NIS2 is the European Union’s updated cybersecurity directive, adopted in 2022. It replaces the original NIS Directive (2016) and significantly strengthens cybersecurity rules across the EU. EU Member States must transpose NIS2 into national law by October 17, 2024.
Improve cybersecurity resilience
Harmonize security standards across EU Member States
Increase reporting obligations
Expand the number of sectors and companies required to comply
Risk Management: Implement comprehensive policies for identifying, assessing, and mitigating cyber risks.
Incident Response: Develop strong detection, response, and recovery plans, with mandatory reporting of significant incidents to authorities and customers.
Supply Chain Security: Ensure third-party providers meet strict security standards.
Business Continuity: Plan for operational resilience and data backup.
Security of Network and Information Systems: Implement strong measures like MFA, network segmentation, zero-trust principles, encryption, patch management, vulnerability management, monitoring and detection capabilities.
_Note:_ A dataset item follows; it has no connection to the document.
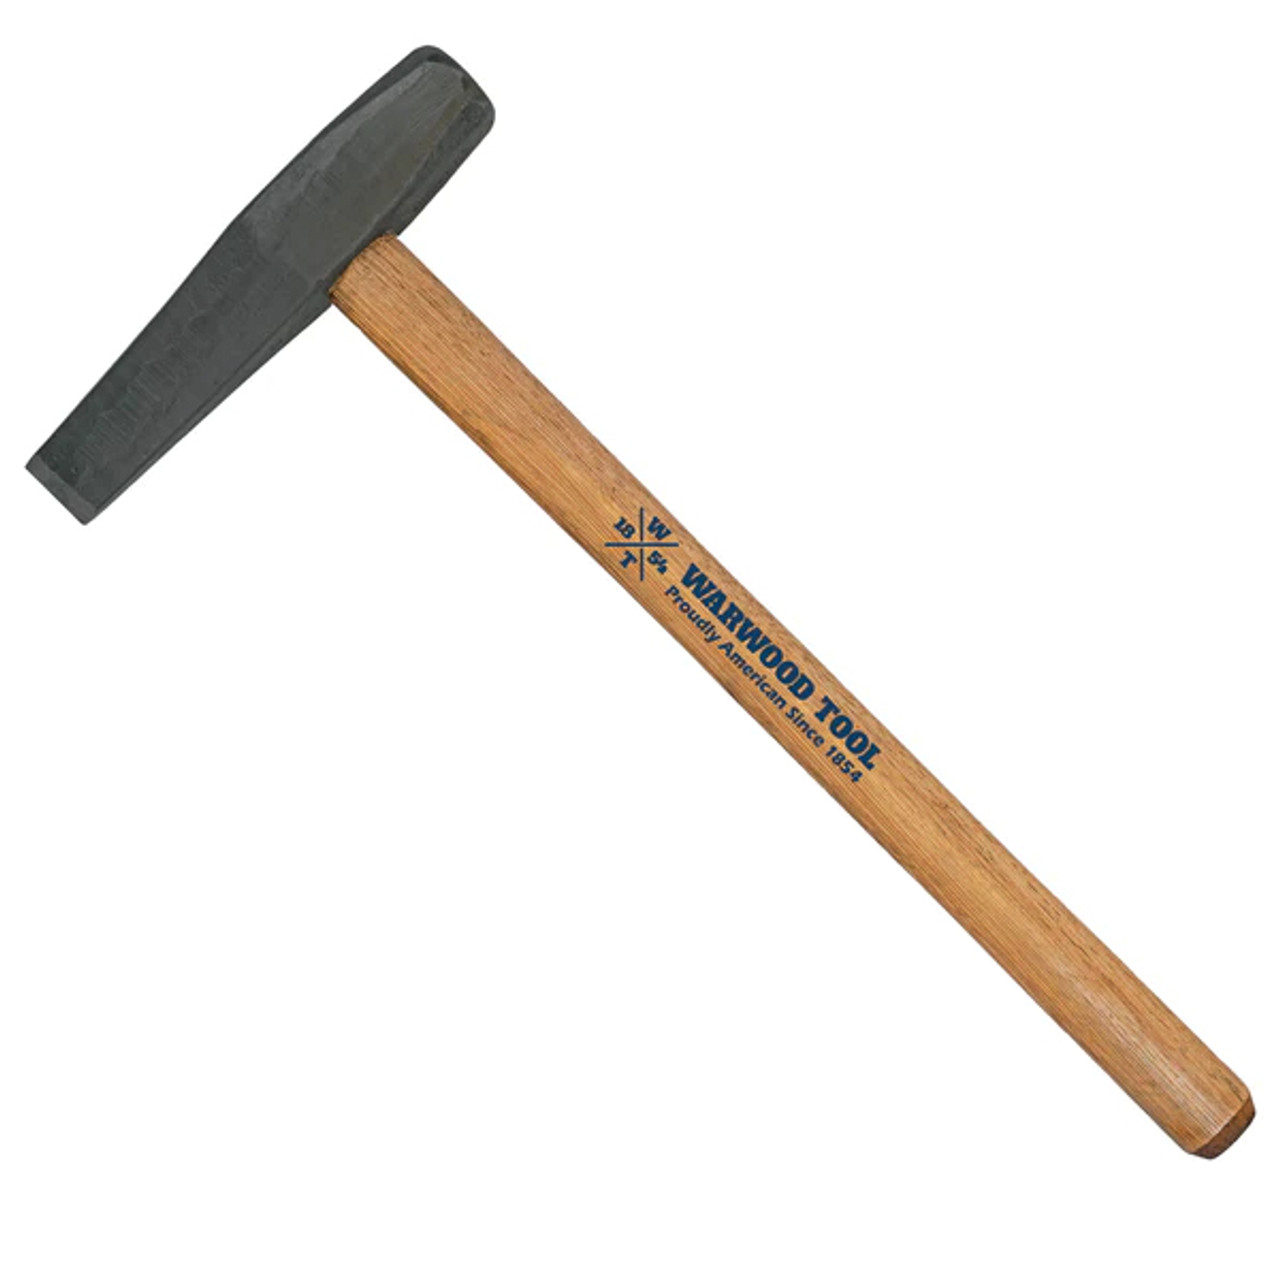 Warwood 51711 5-1/2 lb Grade B Nut Cutter (Square Cutter), 24" Hickory Handle

Security Awareness: Provide training for staff on cyber hygiene.
Governance: Management bodies (executives) must approve policies, oversee implementation, ensure effectiveness, and can be personally held liable for non-compliance.
Reporting Obligations: Strict rules for reporting cybersecurity incidents:
Initial notification within 24 hours
Incident report within 72 hours
Final report within 1 month
NIS2 applies to more sectors and more organizations than NIS1. Two categories of regulated entities:
Essential Entities (EE): Critical sectors such as: Energy, Transport, Health, Drinking water, Wastewater, Financial market infrastructures, Digital infrastructure, Public administration.
Important Entities (IE): Other key sectors such as Postal and courier services, Waste management, Chemicals, Food production, Manufacturing of critical products, Digital providers (cloud, data centers, DNS services).
NIS2 introduces much tougher penalties:
Essential Entities: up to €10 million or 2% of global turnover.
Important Entities: up to €7 million or 1.4% of global turnover.